Preferably, after performing the RS erasure correcting coding and decoding processing on at least two dimensions of each dimension of the data to be coded and decoded after the multidimensional formatting processing according to a predetermined order, the method further includes: storing data obtained after the RS erasure code processing is performed according to physical resources of a storage server; or, transmitting data obtained after the RS erasure correction processing is performed.

Preferably, storing, according to physical resources of a storage server, data obtained after the RS erasure coding process is performed includes: and storing part of check data in the data obtained after the RS erasure code processing on an independent storage node.
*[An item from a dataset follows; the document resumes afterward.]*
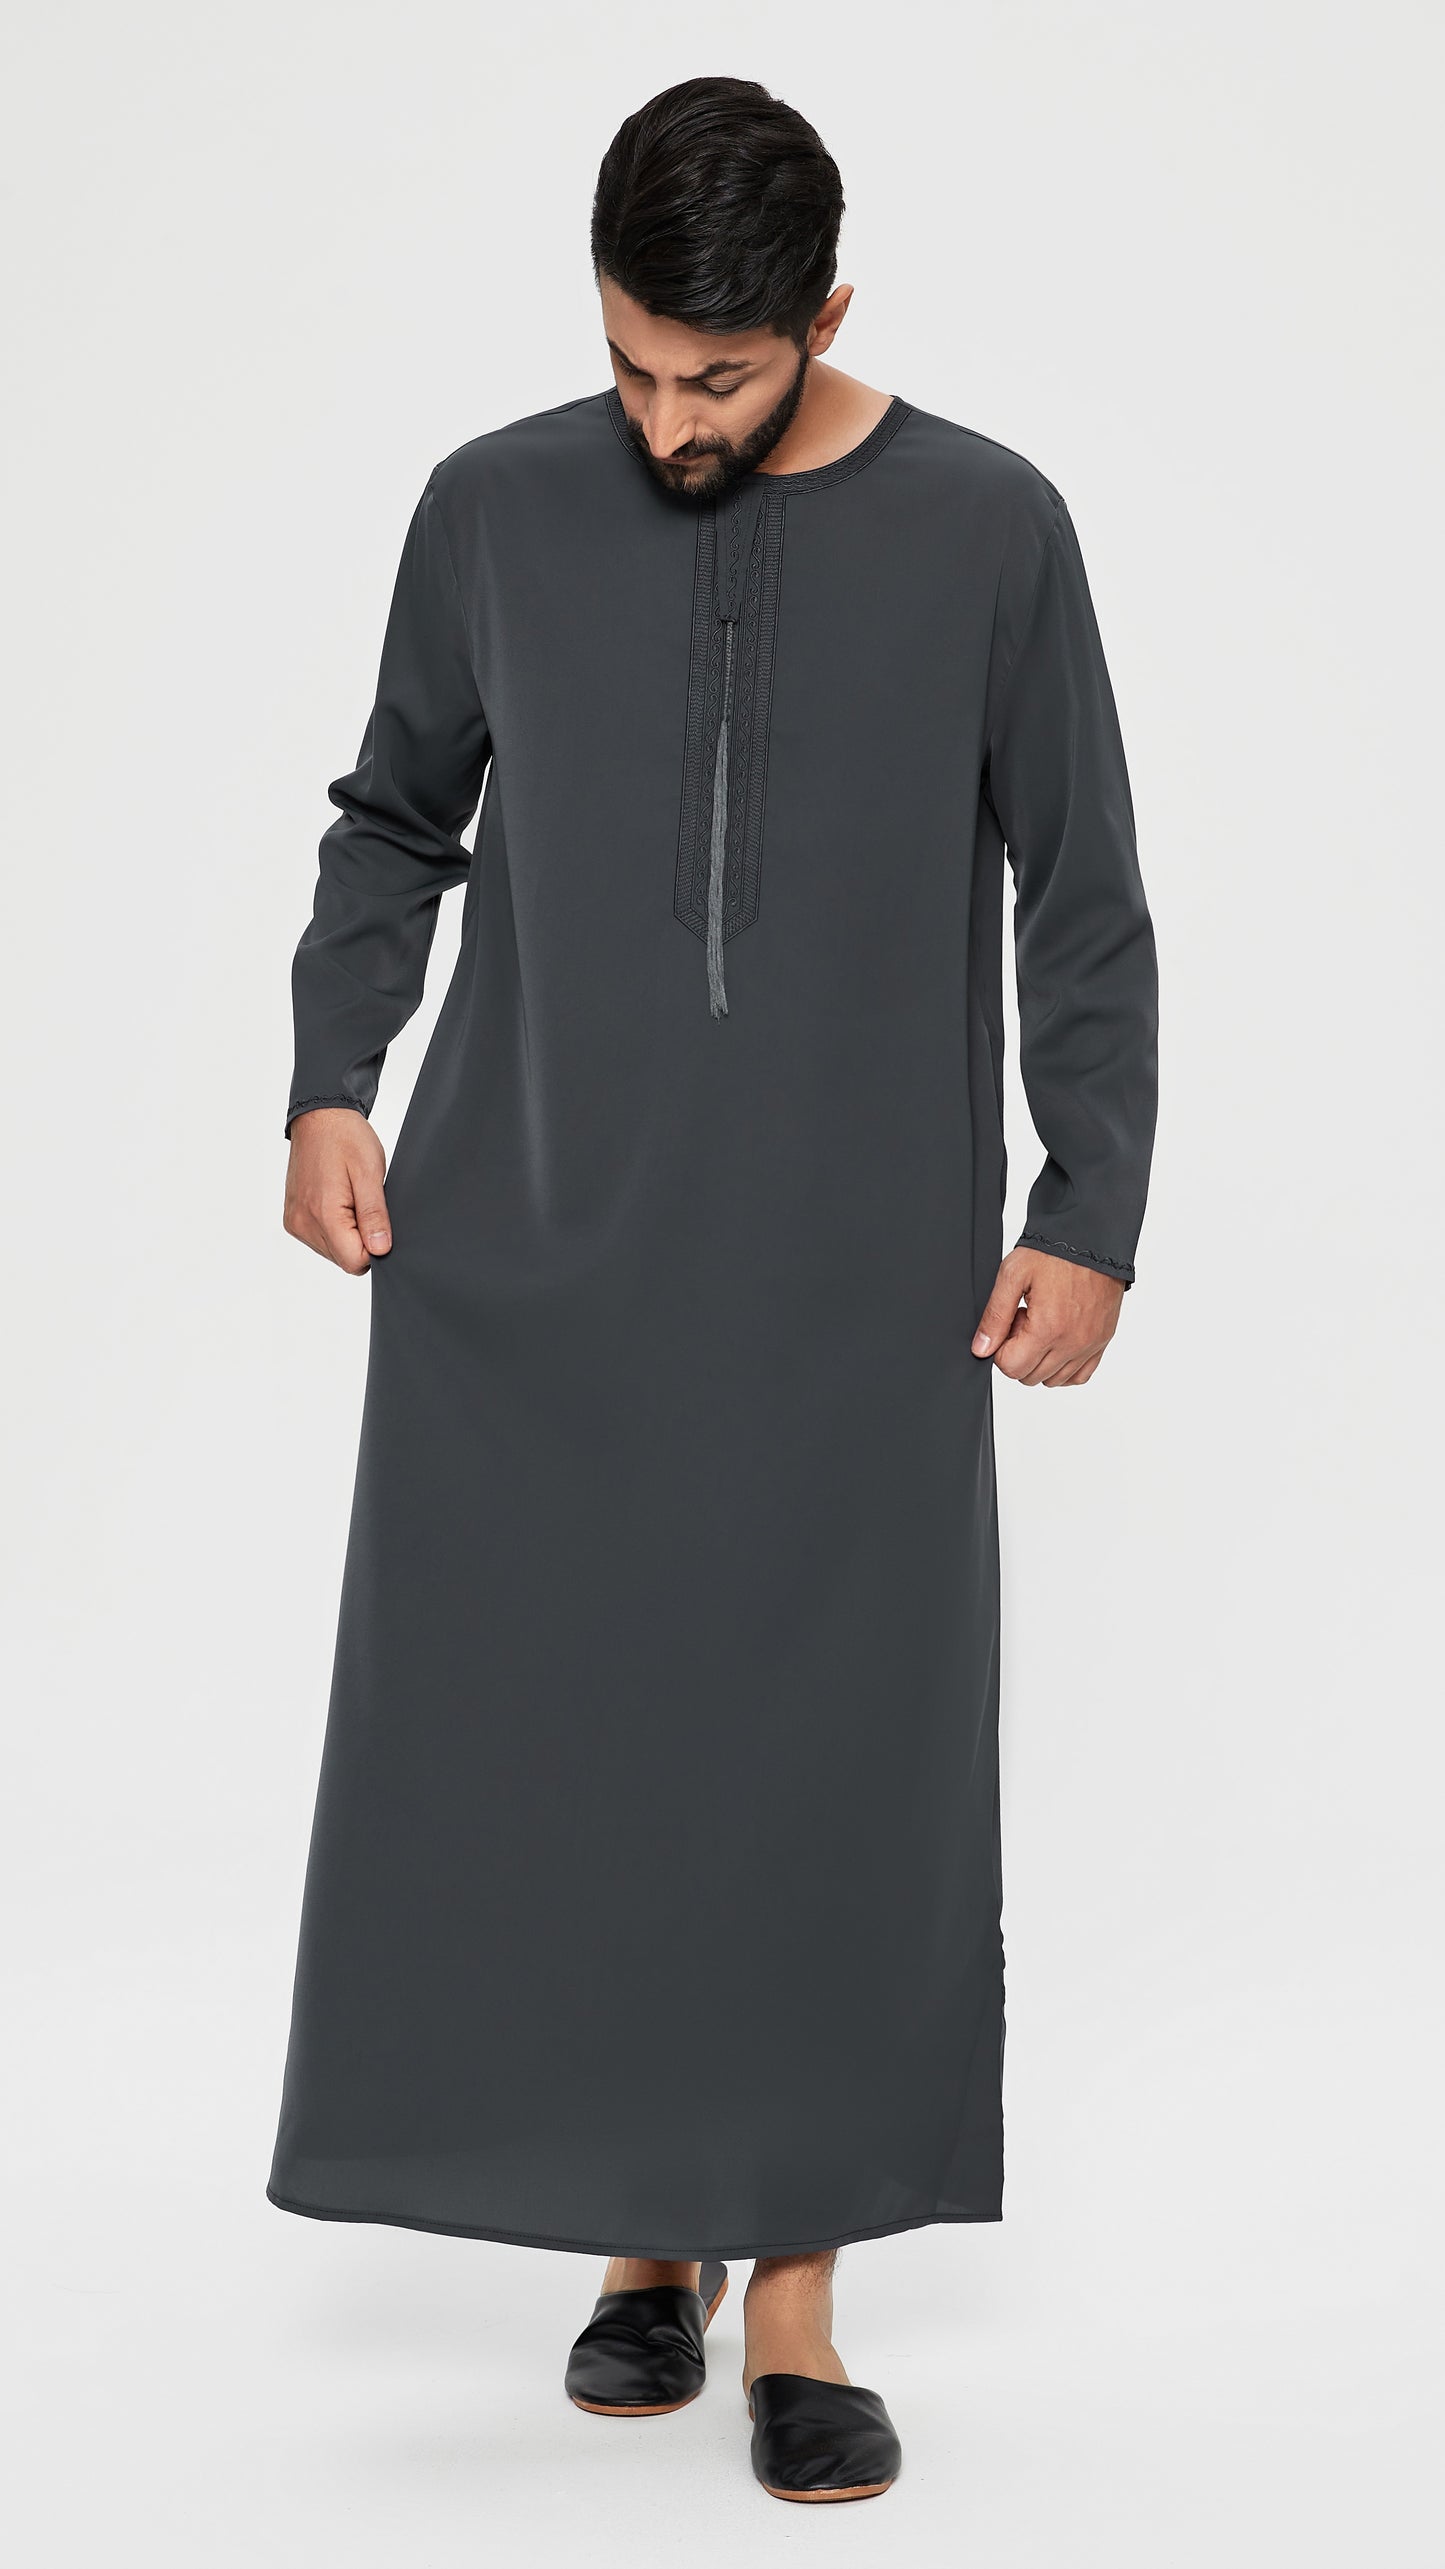 Qamis - Saudí Gris con bordado de corbata

Preferably, when the multidimensional data is three-dimensional, the RS erasure coding and decoding process is performed on at least two dimensions of each dimension of the data to be coded and decoded after the multidimensional formatting process by at least one of the following methods in a predetermined order: the same file access client FAC positioned in the storage server carries out RS erasure correcting coding and decoding processing on each dimensionality of the data to be coded and decoded after multidimensional formatting processing; after the FAC finishes the first-stage coding and decoding corresponding to the first dimension, the computing node in the storage domain finishes the second-stage coding and decoding corresponding to the second dimension and the third-stage coding and decoding corresponding to the third dimension on the data after the first-stage coding and decoding; after the FAC finishes the first-level coding and decoding corresponding to the first dimension, the computing node in the storage domain finishes the second-level coding and decoding corresponding to the second dimension on the data after the first-level coding and decoding, and the storage node finishes the third-level coding and decoding corresponding to the third dimension on the data after the second-level coding and decoding.
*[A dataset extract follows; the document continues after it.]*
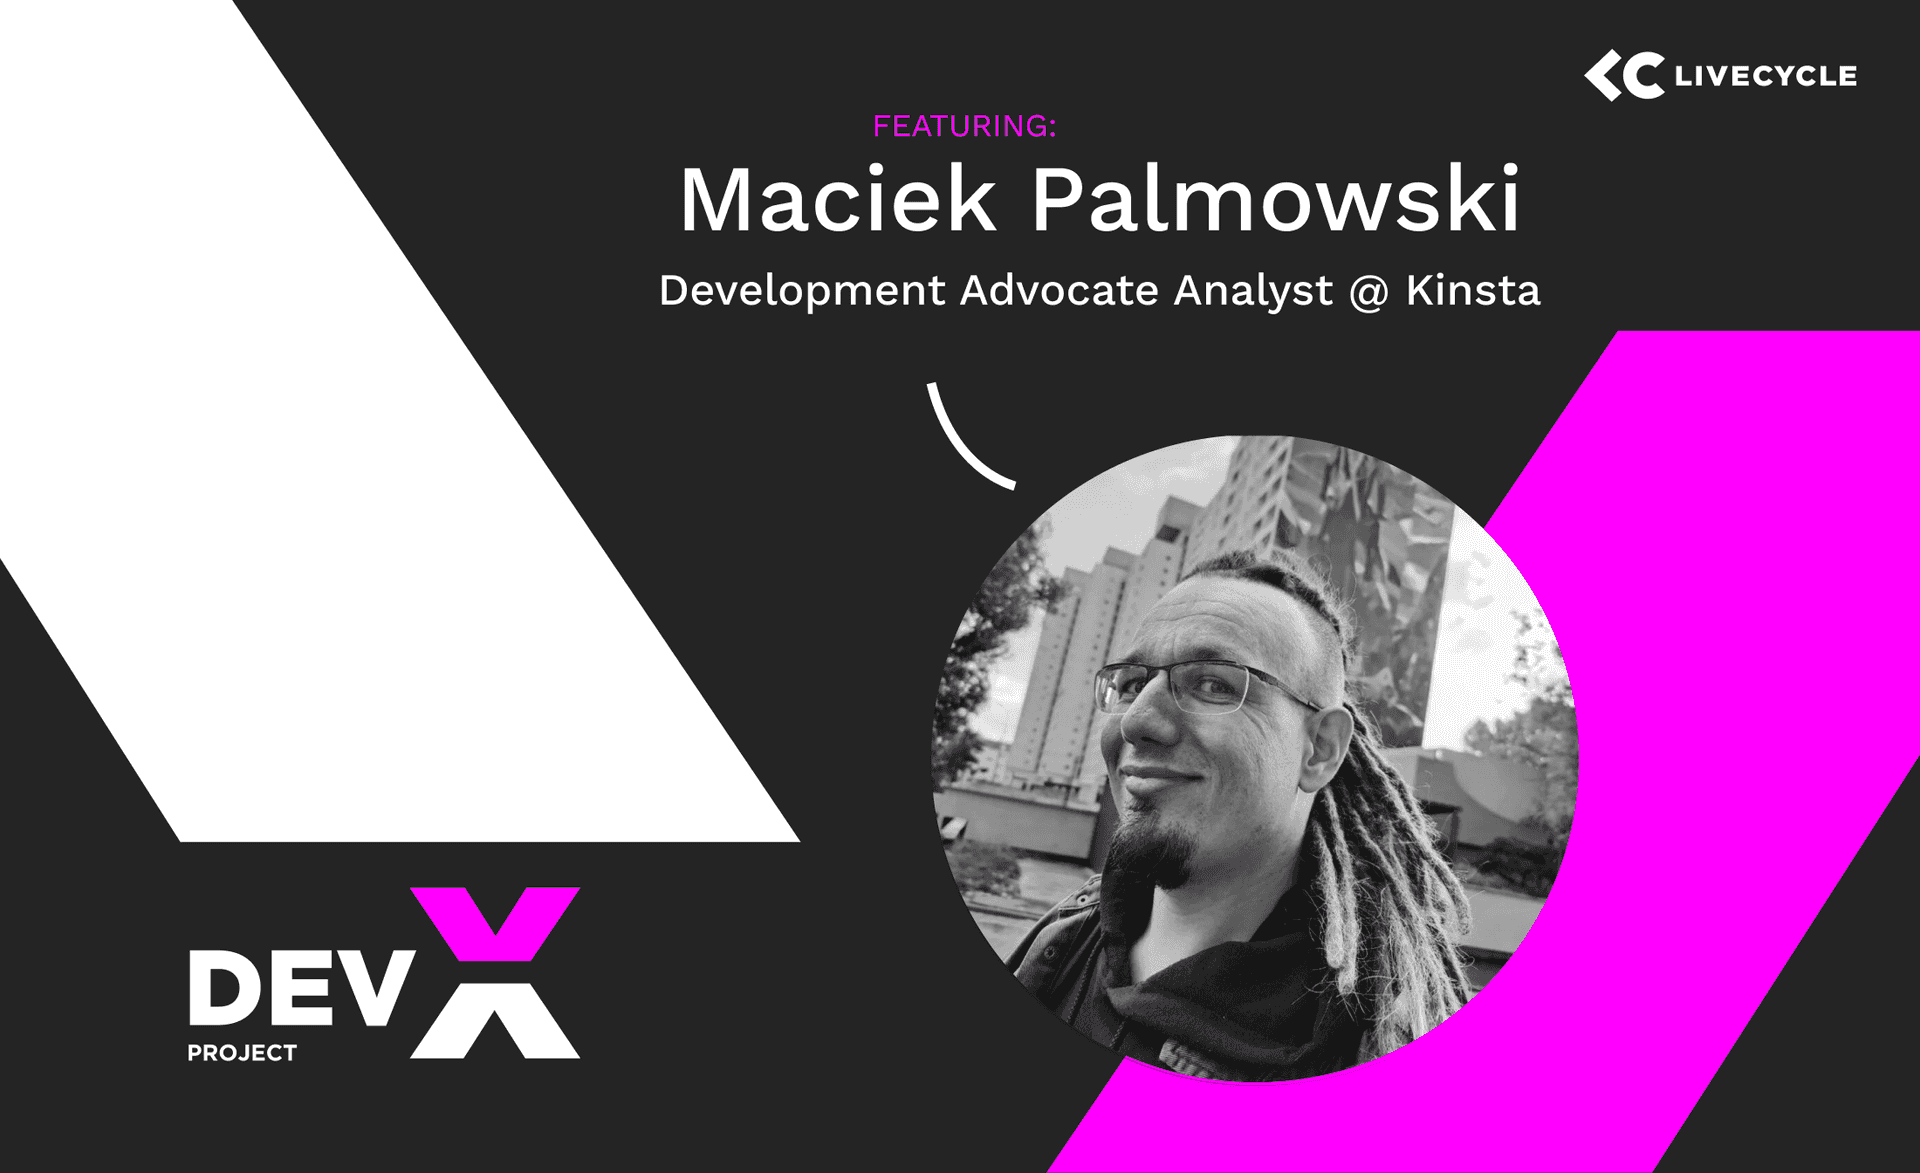 The Dev-X Project: Featuring Maciek Palmowski

According to another aspect of the present invention, there is provided a codec processing apparatus including: the first processing module is used for carrying out multi-dimensional formatting processing on data to be coded and decoded, wherein the multi-dimension is at least two-dimension; and the second processing module is used for carrying out Reed-Solomon RS erasure coding and decoding processing on at least two dimensions in each dimension of the data to be coded and decoded after the multidimensional formatting processing according to a preset sequence.

Preferably, the first processing module comprises: a first determining unit, configured to determine a data block size for formatting the data to be encoded; the first processing unit is used for performing complementary segmentation processing on the data to be coded according to the determined data block size under the condition of executing coding processing; and in the case of executing the decoding processing, storing the data to be decoded into the corresponding position of the data block with the determined data block size for decoding processing.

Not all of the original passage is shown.